*WHAT IS EXPECTED*:
Down to the last line, reproduce the data that follows, but skip the pictures.

*DATA*:
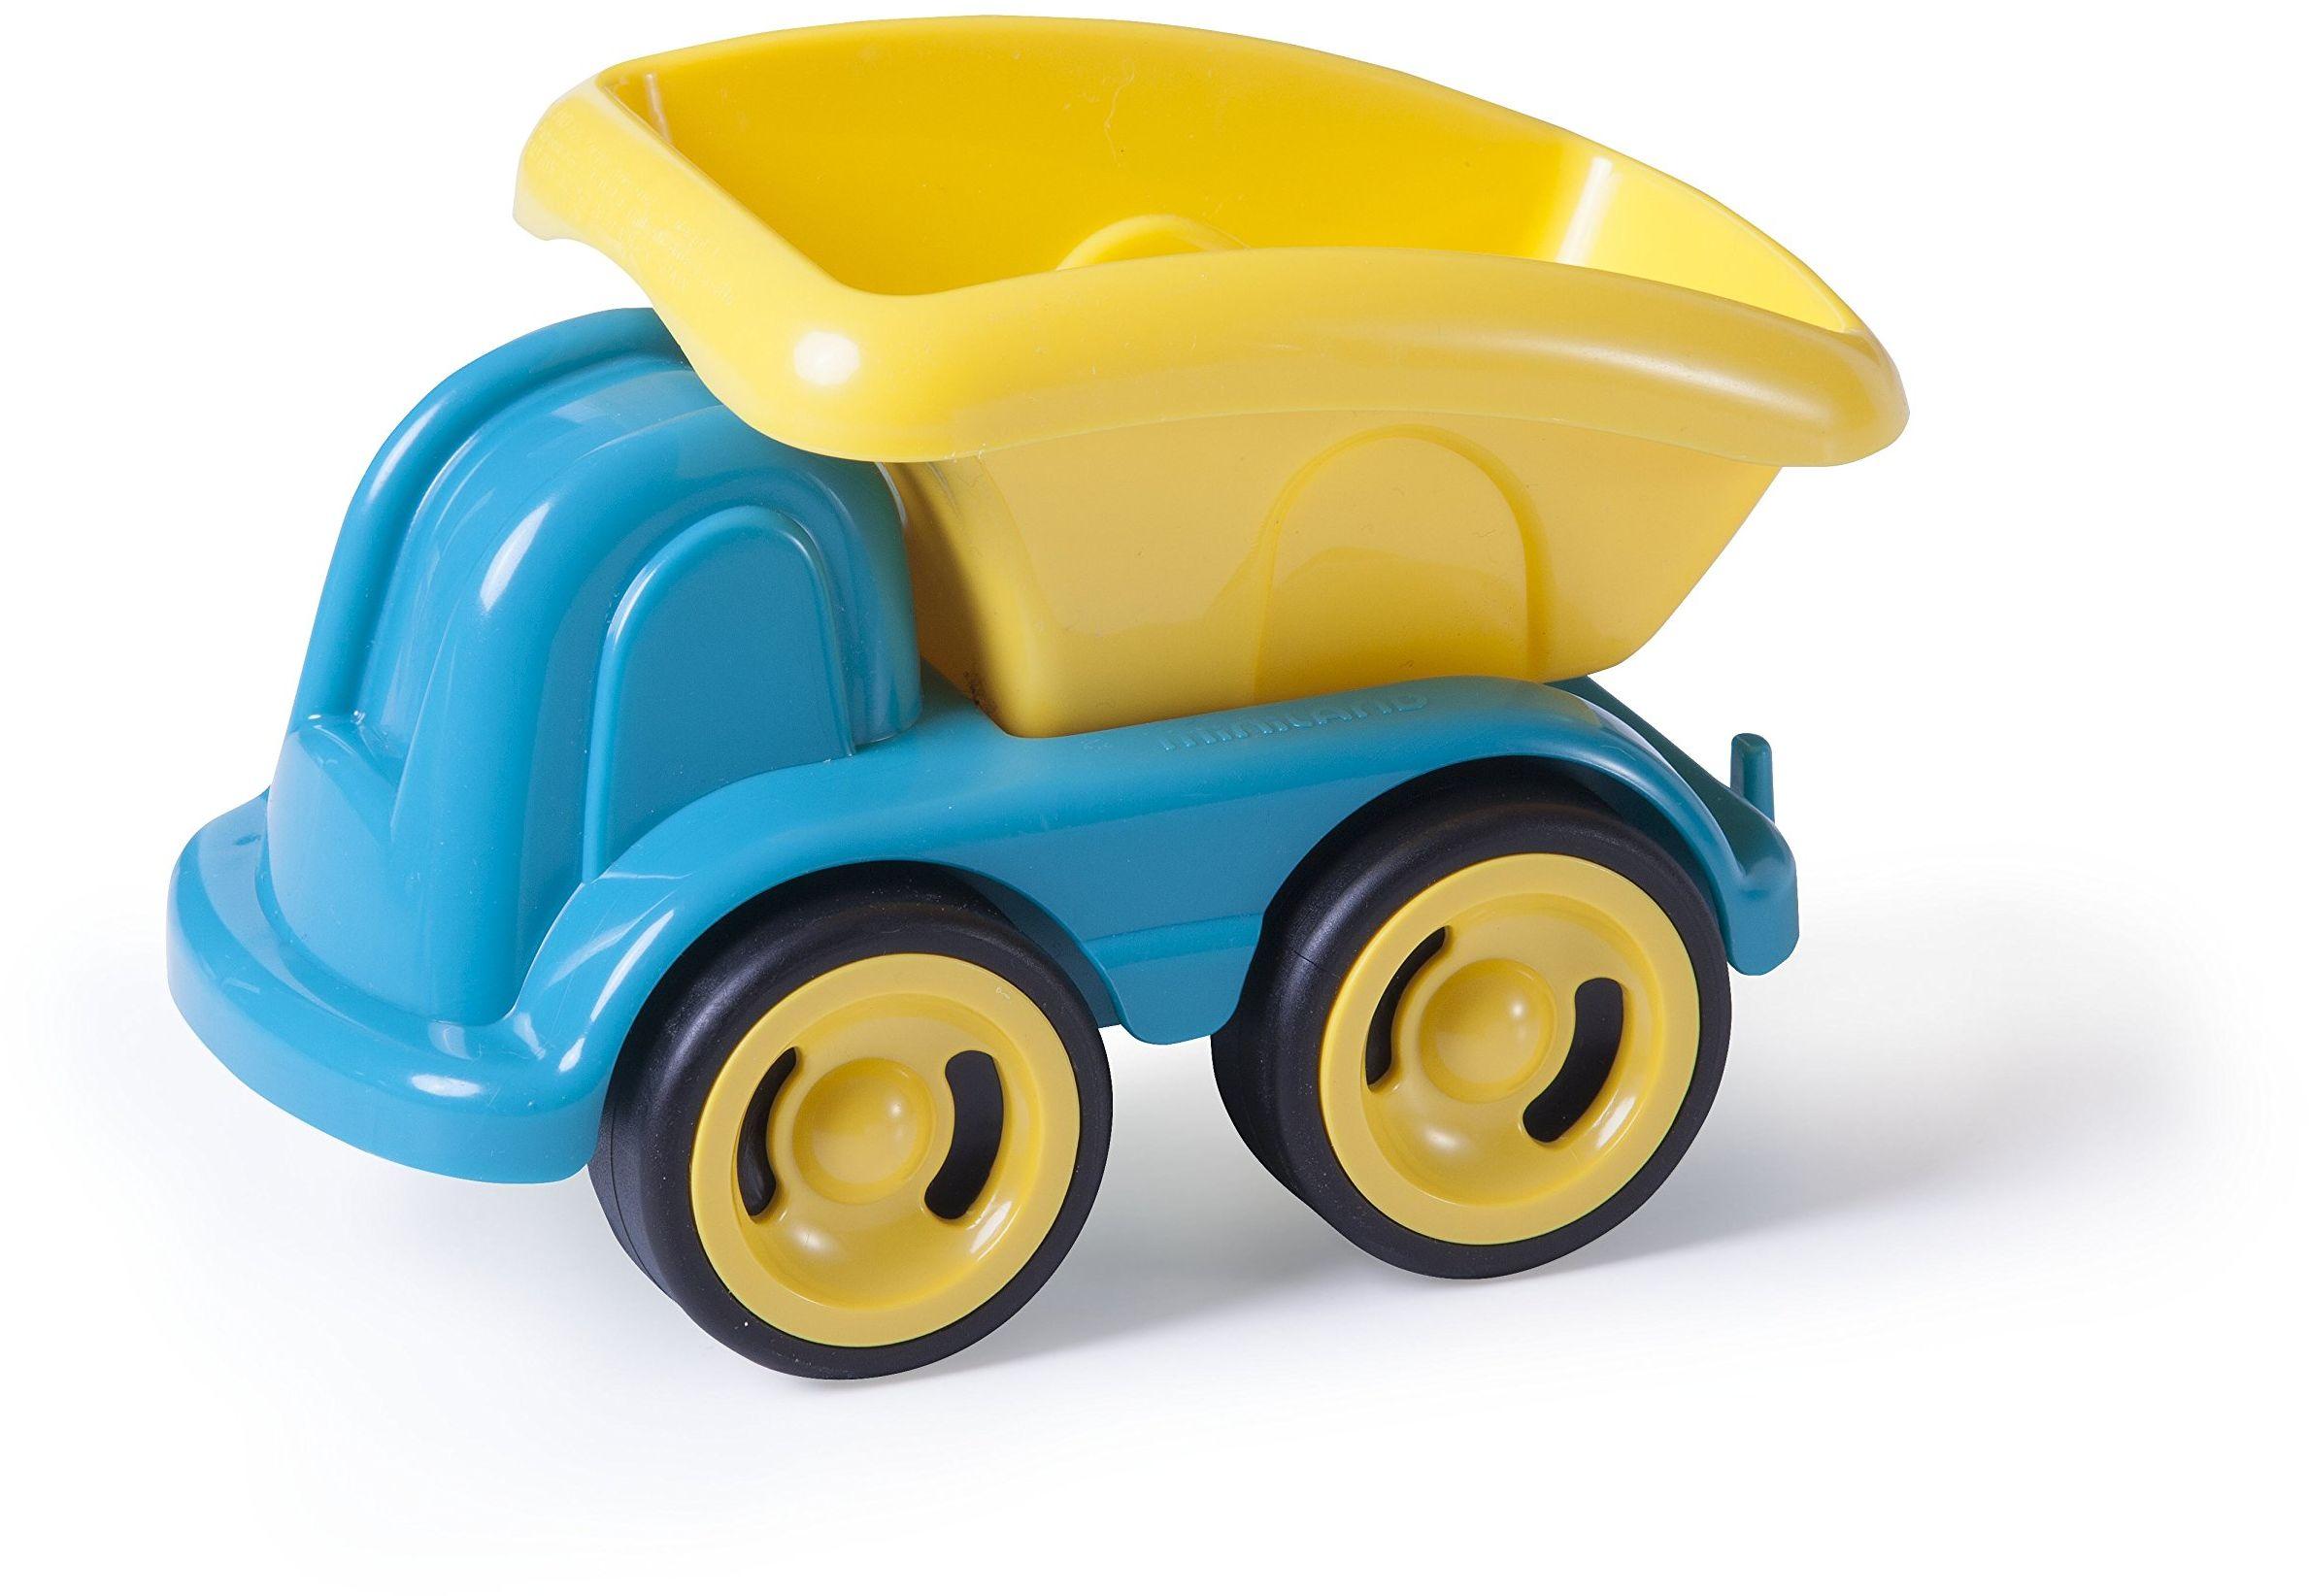 Miniland 45141 Minimobil wywrotka, wielokolorowa
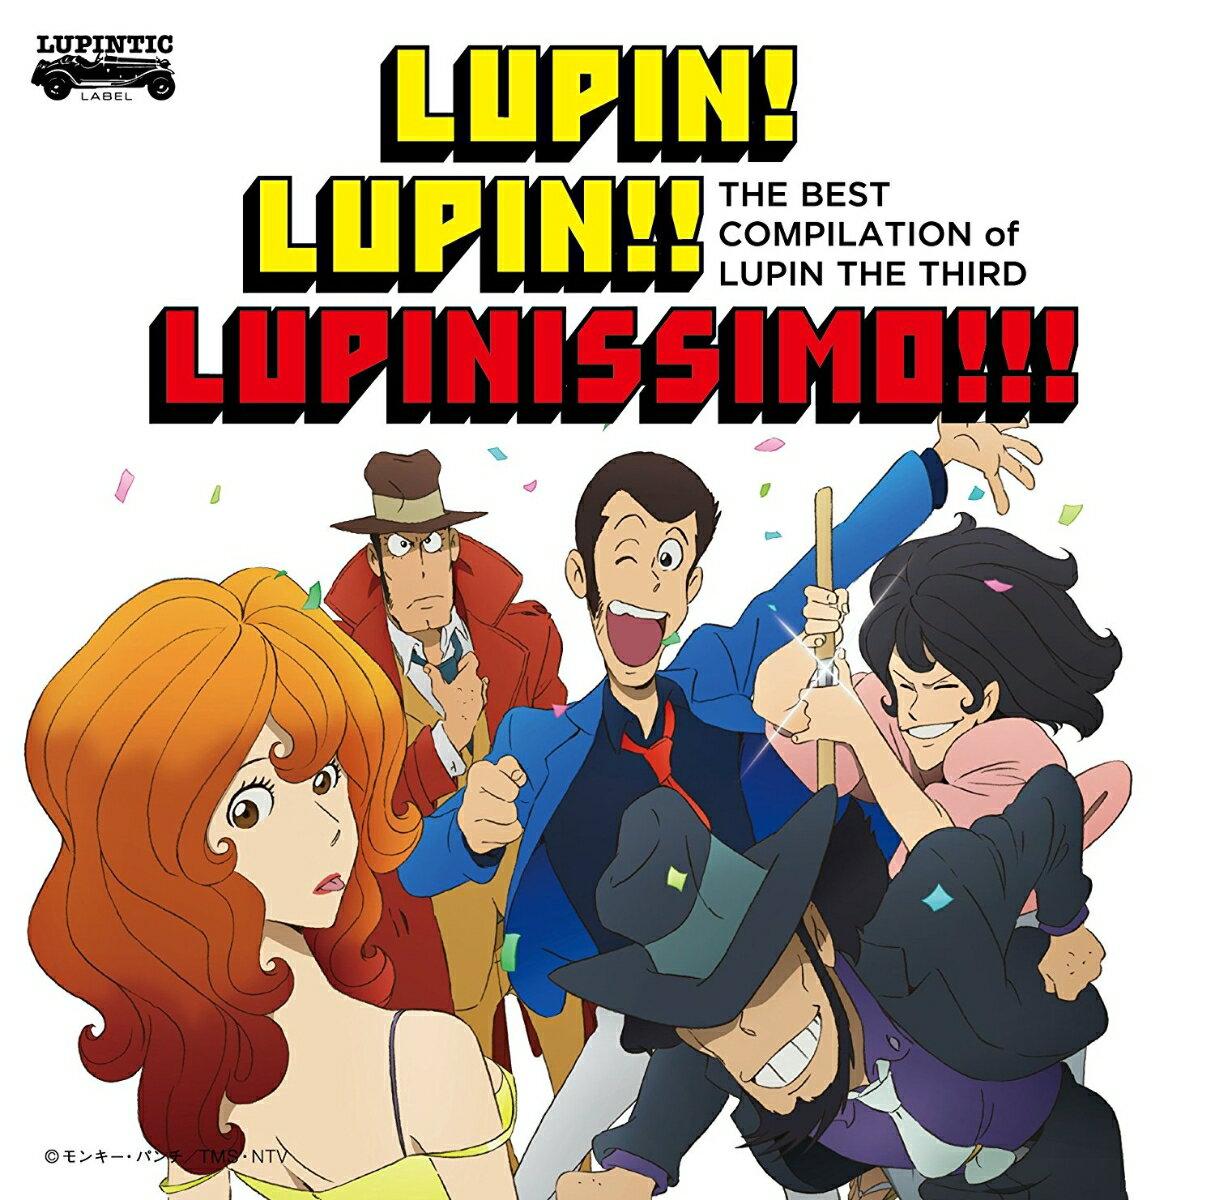 〜「ルパン三世のテーマ」誕生40周年記念作品〜 THE BEST COMPILATION of LUPIN THE THIRD 『LUPIN! LUPIN!! LUPINISSIMO!!!』 (限定盤 CD+DVD) [ 大野雄二 ]
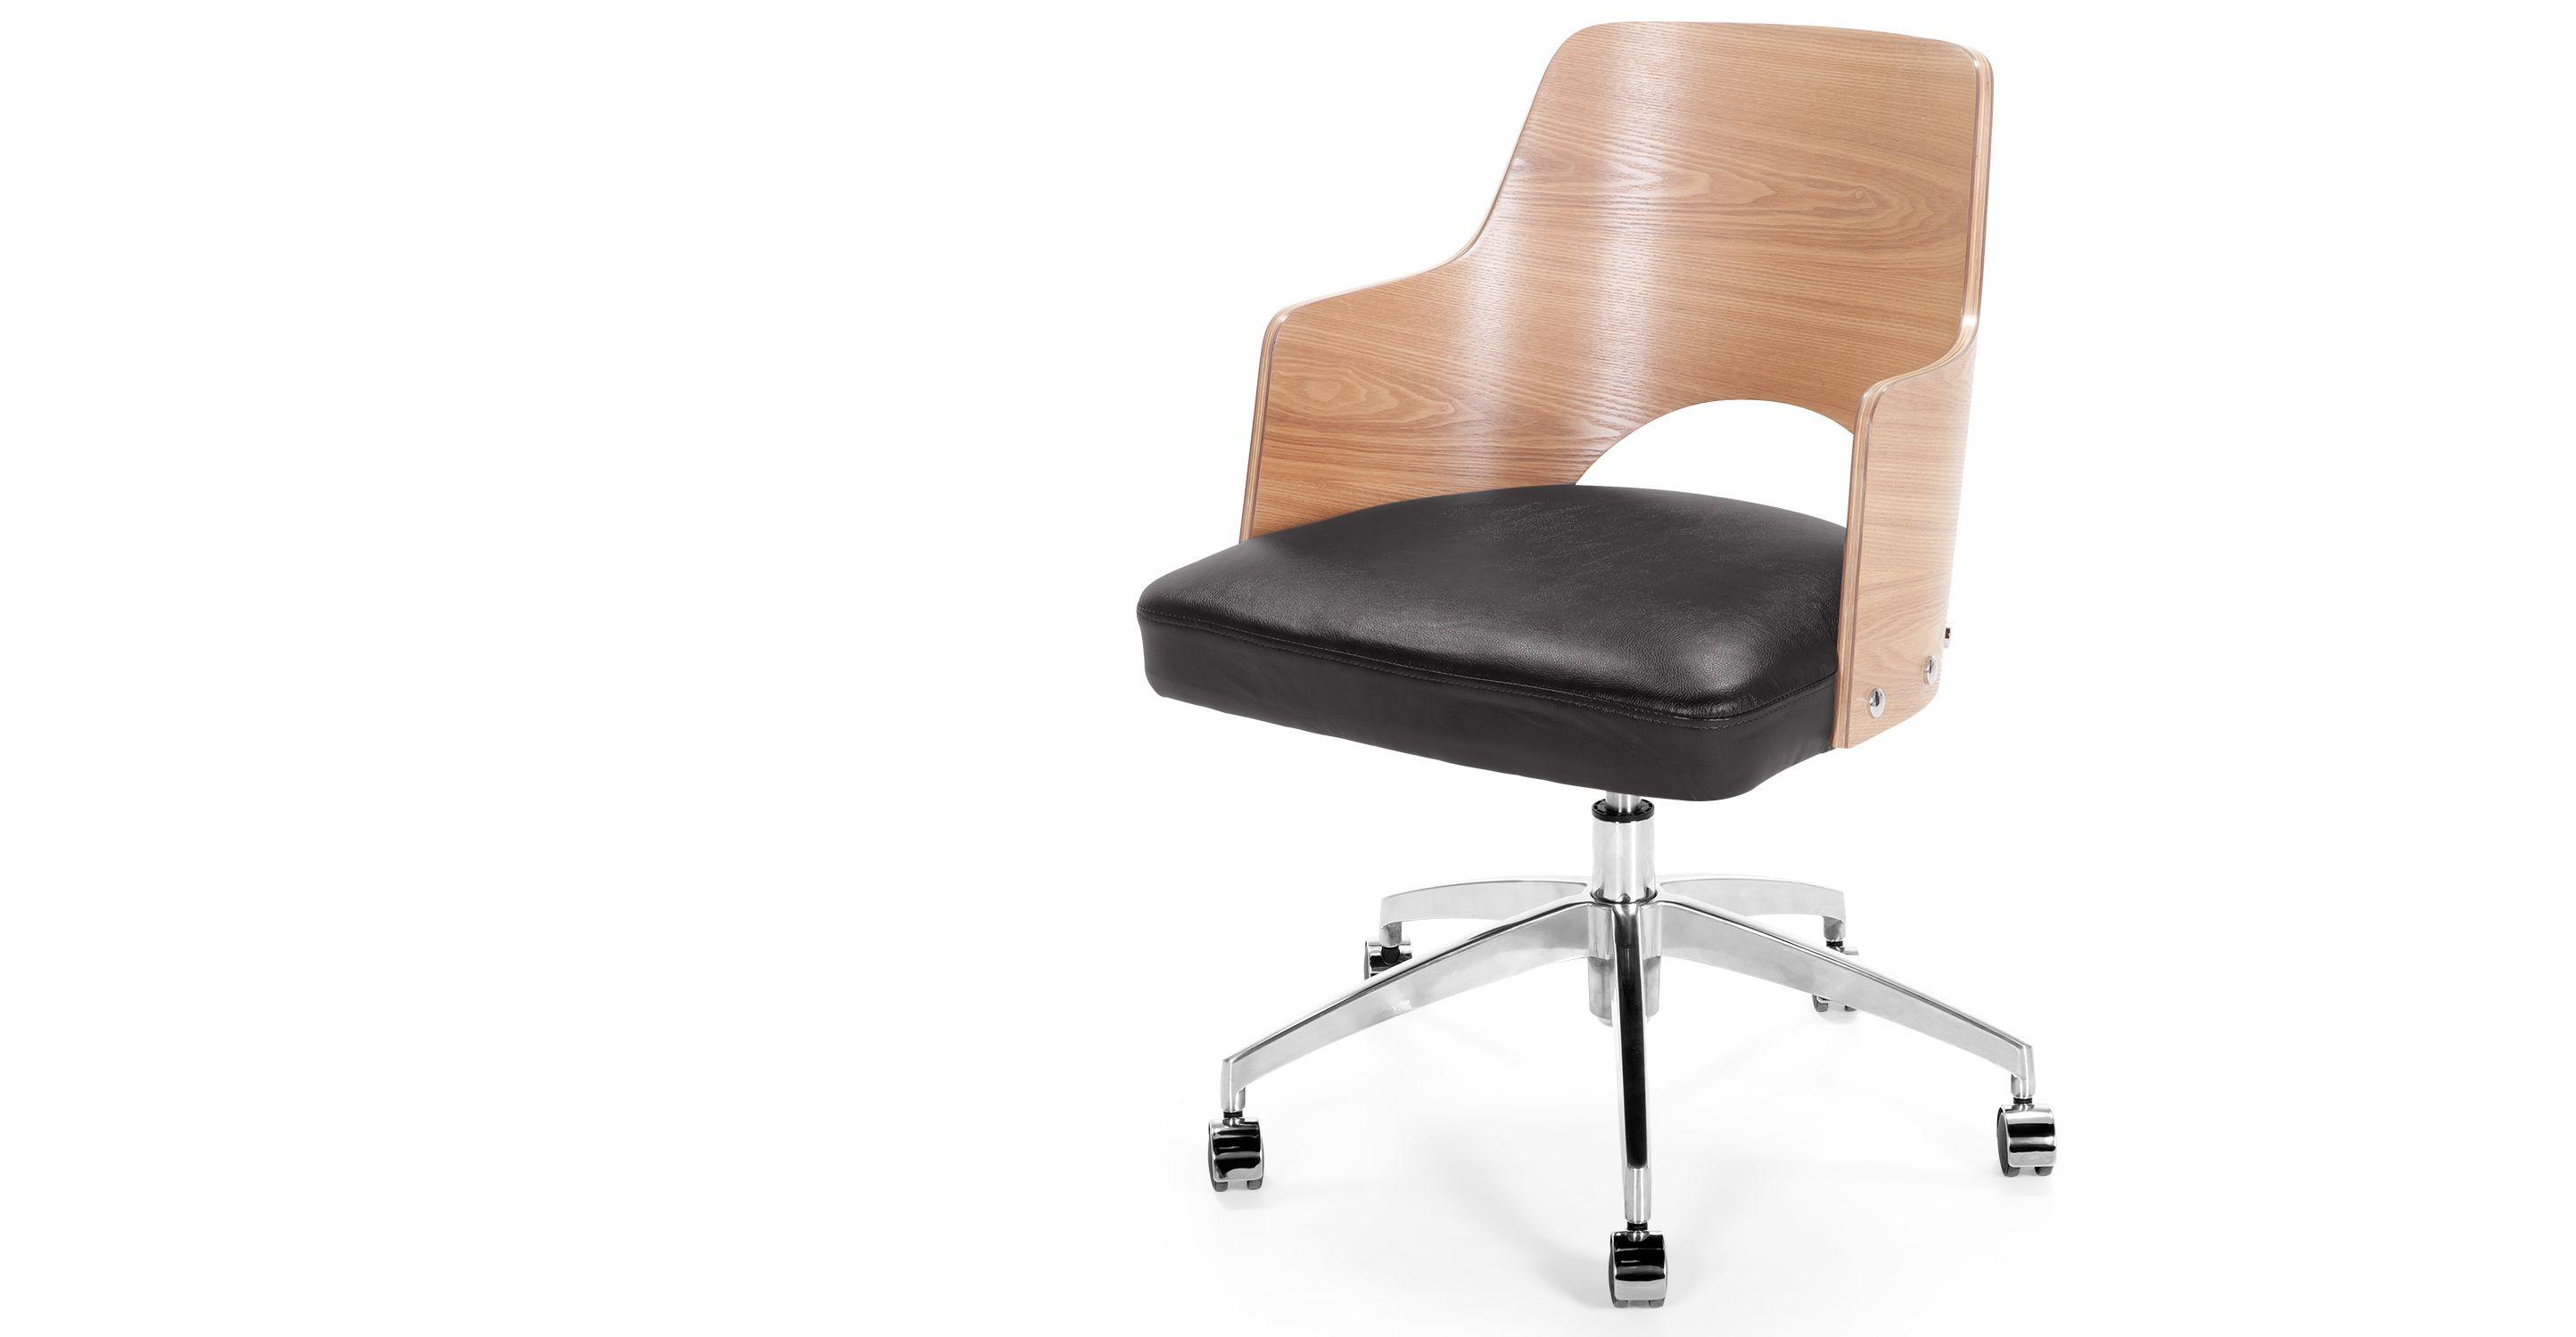 Cornell fauteuil de bureau pivotant noir et frêne chaises bureau

*ANSWER SECTION*:
 Miniland 45141 Minimobil wywrotka, wielokolorowa
 〜「ルパン三世のテーマ」誕生40周年記念作品〜 THE BEST COMPILATION of LUPIN THE THIRD 『LUPIN! LUPIN!! LUPINISSIMO!!!』 (限定盤 CD+DVD) [ 大野雄二 ]
 Cornell fauteuil de bureau pivotant noir et frêne chaises bureau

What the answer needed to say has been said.